November 29, 2003

Base64 Encoding Is Here To Stay

Base64 encoding is here to stay. If you have ever had any hopes that base64 encoding in the Internet mail system would become obsolete, this article should shatter those hopes.

First, let's clear up some confusion. The terms “8-bit” and “binary” are not synonyms. Sometimes the term “8-bit clean” is used. “8-bit clean” also does not mean the same thing as “able to handle binary content.”

8-bit clean just refers to the fact that a program or communications channel does not change the most significant bit (msb) of the 8-bit bytes in the content. Back in the stone age, some programs used the msb for special purposes, and some programs cleared the msb. These days, 8-bit clean is almost meaningless, because programs that change the msb in any way are virtually non-existent.

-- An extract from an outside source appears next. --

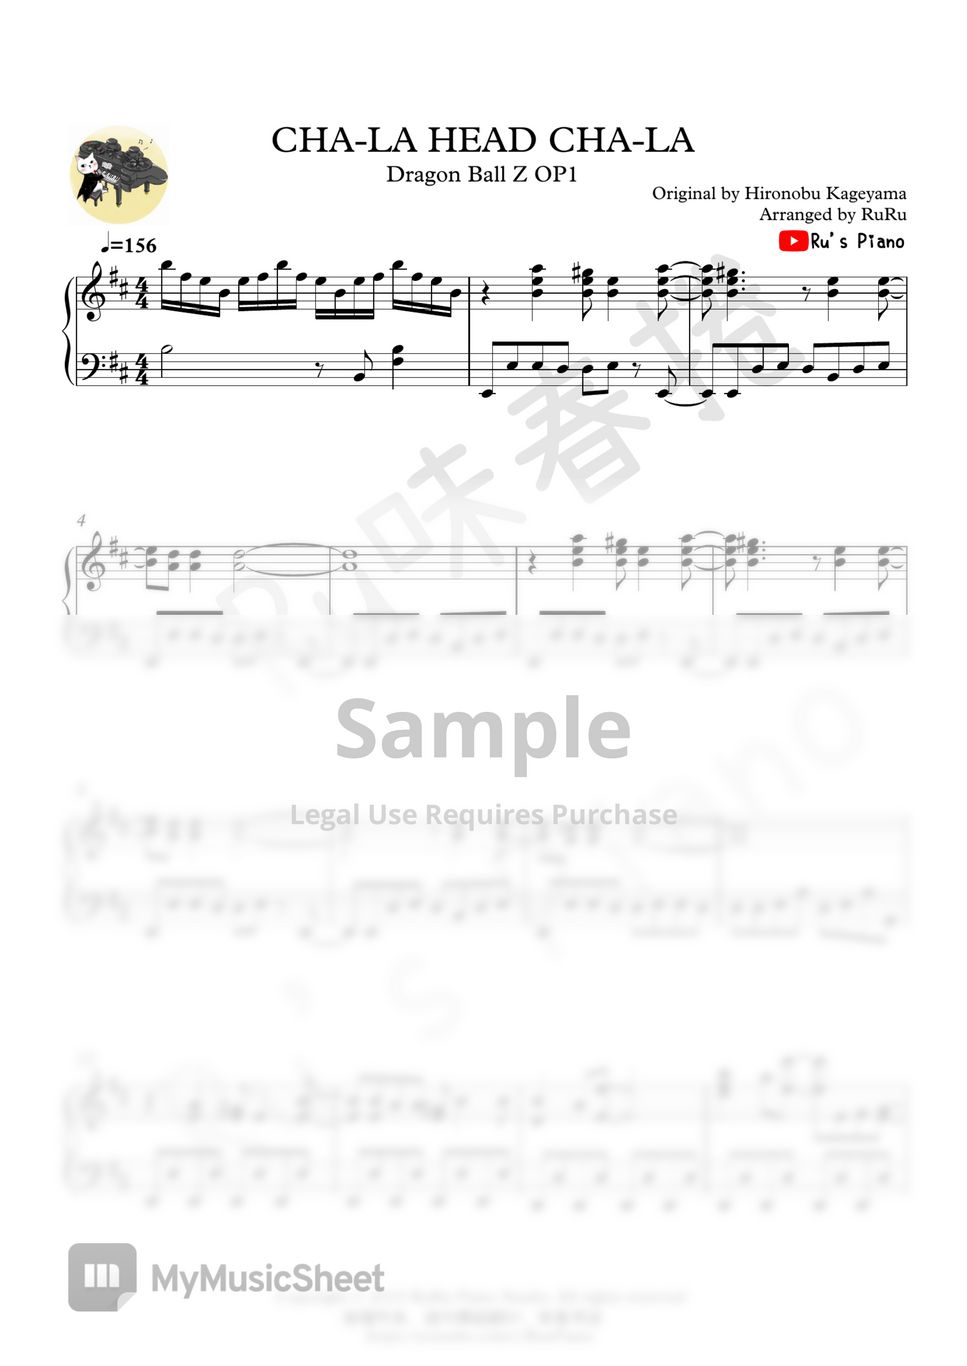 Dragon Ball Z OP1 - 「CHA-LA HEAD CHA-LA」 by Ru's Piano

8-bit content is not the same as binary content. 8-bit content is taken to mean content that includes no NUL characters. Binary content, on the other hand, may contain NUL characters. In a narrower interpretation, such as the MIME specification, 8-bit is taken to mean lines of text encoded into 8-bit bytes. In this narrower interpretation, lines are terminated by CR LF and a maximum line length is imposed. (As an interesting sidenote, because XHTML permits lines of any length, which may be terminated by LF alone, XHTML content is assigned the MIME type application/xhtml+xml, rather than text/xhtml as one might expect.) The key difference between 8-bit content and binary content is whether or not NUL bytes are allowed. By this definition, a JPEG file is binary content but not 8-bit content.

Now, there is no reason why 8-bit text should not be able to pass through almost any communications channel. However, binary content is still at risk. The NUL bytes in binary content can affect many programs that assume NUL terminates a character string. In addition, the conversion of end-of-line characters is hostile to binary content. FTP is culpable in this regard. In many FTP clients, text transfers are the default, meaning that end-of-line characters are converted and binary content is corrupted.

If we fixed common application programs -- if we made all FTP clients use binary mode by default and fixed every SMTP server and email client that can't handle binary content -- we would still have a programming environment that is unfriendly to the processing of binary content. The end-of-line characters issue is a major problem. The standard libraries for many programming languages -- C, C++, Perl, and Python come to mind -- open files in text mode by default, meaning that end-of-line characters are converted. The problem of end-of-line characters is never going away. Windows will always use CR LF as the end-of-line characters, and Linux/Unix will always use LF. For programmers, the choices they must make are not always trivial. Using text mode for I/O is convenient for writing cross-platform text processing utilities because it lets the run-time library deal with end-of-line character conversions. However, text mode I/O corrupts binary content.

Dealing with end-of-line character conversions is not the only issue with text processing, though. Modern text processing involves transcoding text from an external encoding to an internal Unicode encoding, processing it in some way, then transcoding back it back into an external encoding. Windows NT, Java, and .NET programmers know this procedure well. Binary content does not survive the transcoding from an external encoding to the internal encoding and back to the external encoding. This situation causes some problems for programmers, because the programming environment provides great facilities for processing text, but minimal facilities for processing binary content. Therefore, a programmer that must parse content that contains both text and binary content is tempted to convert the message to text in order to use the text processing facilities. A good example is processing an HTTP message in Java. The programmer is tempted to convert the HTTP message to an instance of String in order to parse the header fields, which are text. However, an HTTP message that contains an image contains a binary body, and the conversion to text corrupts the binary content. (See the footnote below.) The fact that text processing is so convenient means that programmers will always have a preferrence for text processing, and will face difficult choices when both text processing and binary data processing is required. And sloppy programming will result in corrupted binary data.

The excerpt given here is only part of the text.